Solving ideal gas law problems is extremely easy. To begin, let's see what the formula for the ideal gas law is and what its terms mean.

PV = nRT, where:

P = pressure

V = volume

n = number of moles of a gas

R = 0.0821 L*atm/mol*K OR 8.315 dm^3 kPA/mol*K

T = temperature

Here's a problem:

If I have 4 moles of a gas at a pressure of 5.6 atm and a volume of 12 liters, what is the temperature?

To begin, I should elaborate on what to plug in for R. As a rule of thumb, if you are given liters of a gas, use the first value of R. If you are given a value in dm^3 (decameters cubed), use the second value.

So, first we need to know what we are given and what we don't know (what we are trying to find). We know P = 5.6, V = 12, n = 4, we know that we are using R = 0.0821 because we are given a volume in liters, and we also know that T = x (because we are trying to find the temperature).

So, let's set up our equation, plugging everything we know into it. You should get this:

(5.6)(12) = (4)(0.0821)(x)

Now, let's simplify the equation to get this:

67.2 = 0.3284x

To solve for x, divide by 0.3284 on each side of the equation. After doing this, you should get:

x = 204.63

So the temperature of the gas is 204.63 Kelvin. Remember that for any gas law problem, temperature is ALWAYS in Kelvin. If they wanted you to give the temperature in Celsius, you would subtract the temperature in Celsius from 273. So, if I were to ask for the temperature of this problem in Celsius, you would give me 68.37 Celsius.

Hope this helped clear things up :)

Answer 6

Gases, volume, pressure, moles and temperature are all related by the following equation:

pV=nRT

• P is pressure of the gas in Pascals (Pa)
• V is volume in m^3
• n is number of Moles of the gas
• R is the Gas Constant, 8,31 Jk^-1mol^-1
• T is temperature in Kelvin (K)

Tip: Always watch the units - you will often have to convert them.

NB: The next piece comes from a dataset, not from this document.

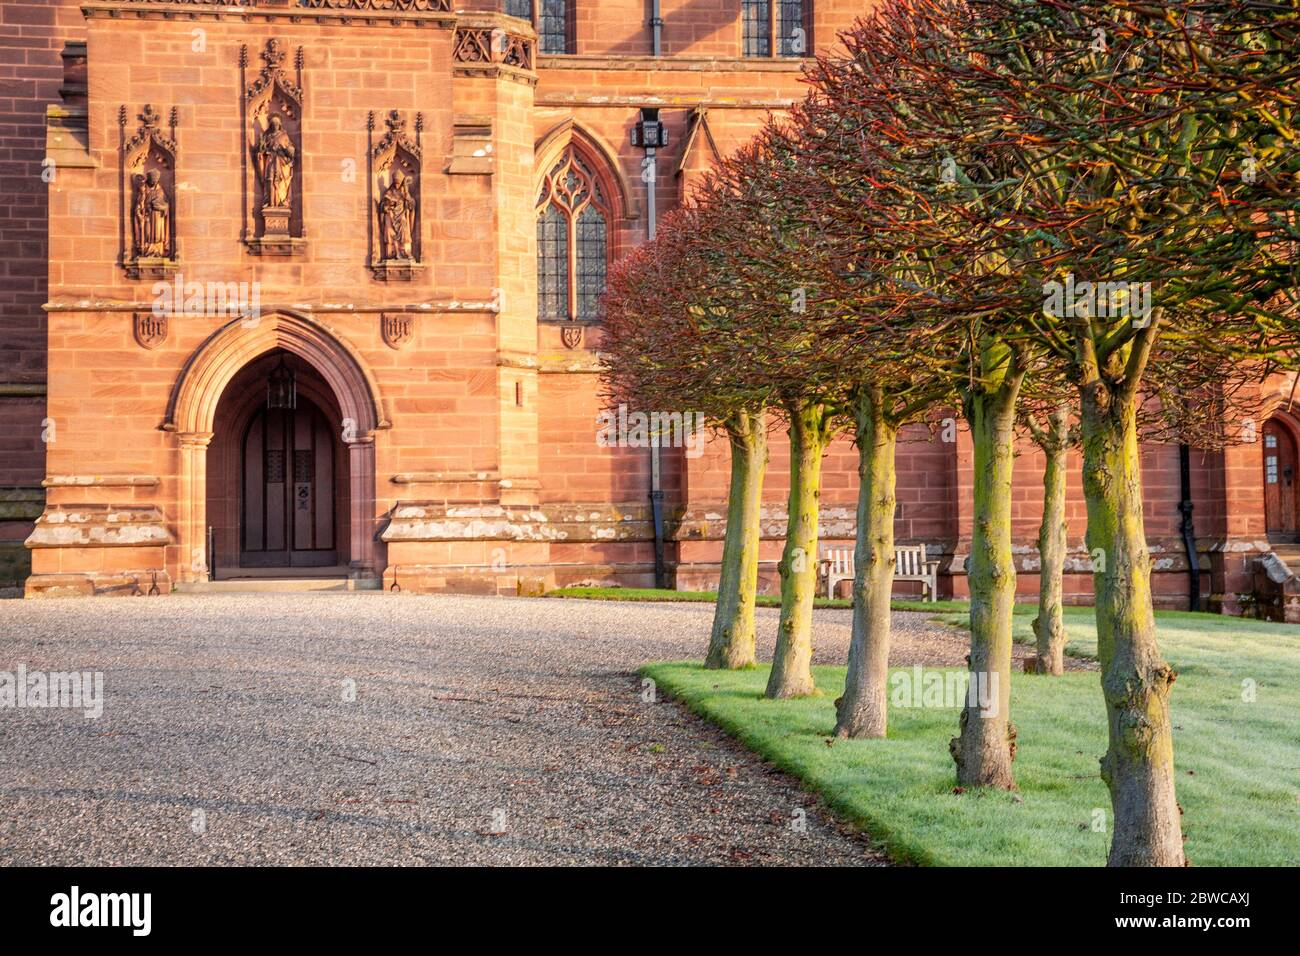 Eccleston parish church, Cheshire, England Stock Photo

At room temperature and pressure, 1 mole of any gas occupies the same volume.

This volume is 24,000cm^3 or 24dm^3

Volume(cm^3) = moles x 24,000 or Volume(dm^3) = moles x 24

You will often be asked how many litres there are in a certain gas:

1dm^3 = 1 Litre

Answer 7

That's not a question, and if I attempt to make it one, then it's unanswerable. Perhaps you should read your textbook. The ideal gas law is one of the simplest concepts in chemistry; if you can't understand it, you should look into getting a tutor.

Answer 8

Ideal gas law can be determined by figuring out the temperature, pressure, and volume of the gas. An equation to demonstrate this law is PV = nRT.

Answer 9

http://misterguch.brinkster.net/gaslawworksheets.html

Practice is the key to mastering this. Good for you.

Answer 10

You don't.

Liquids, by definition, are not gases. Therefore they cannot be ideal gases. Therefore, the Ideal Gas Law cannot be applied.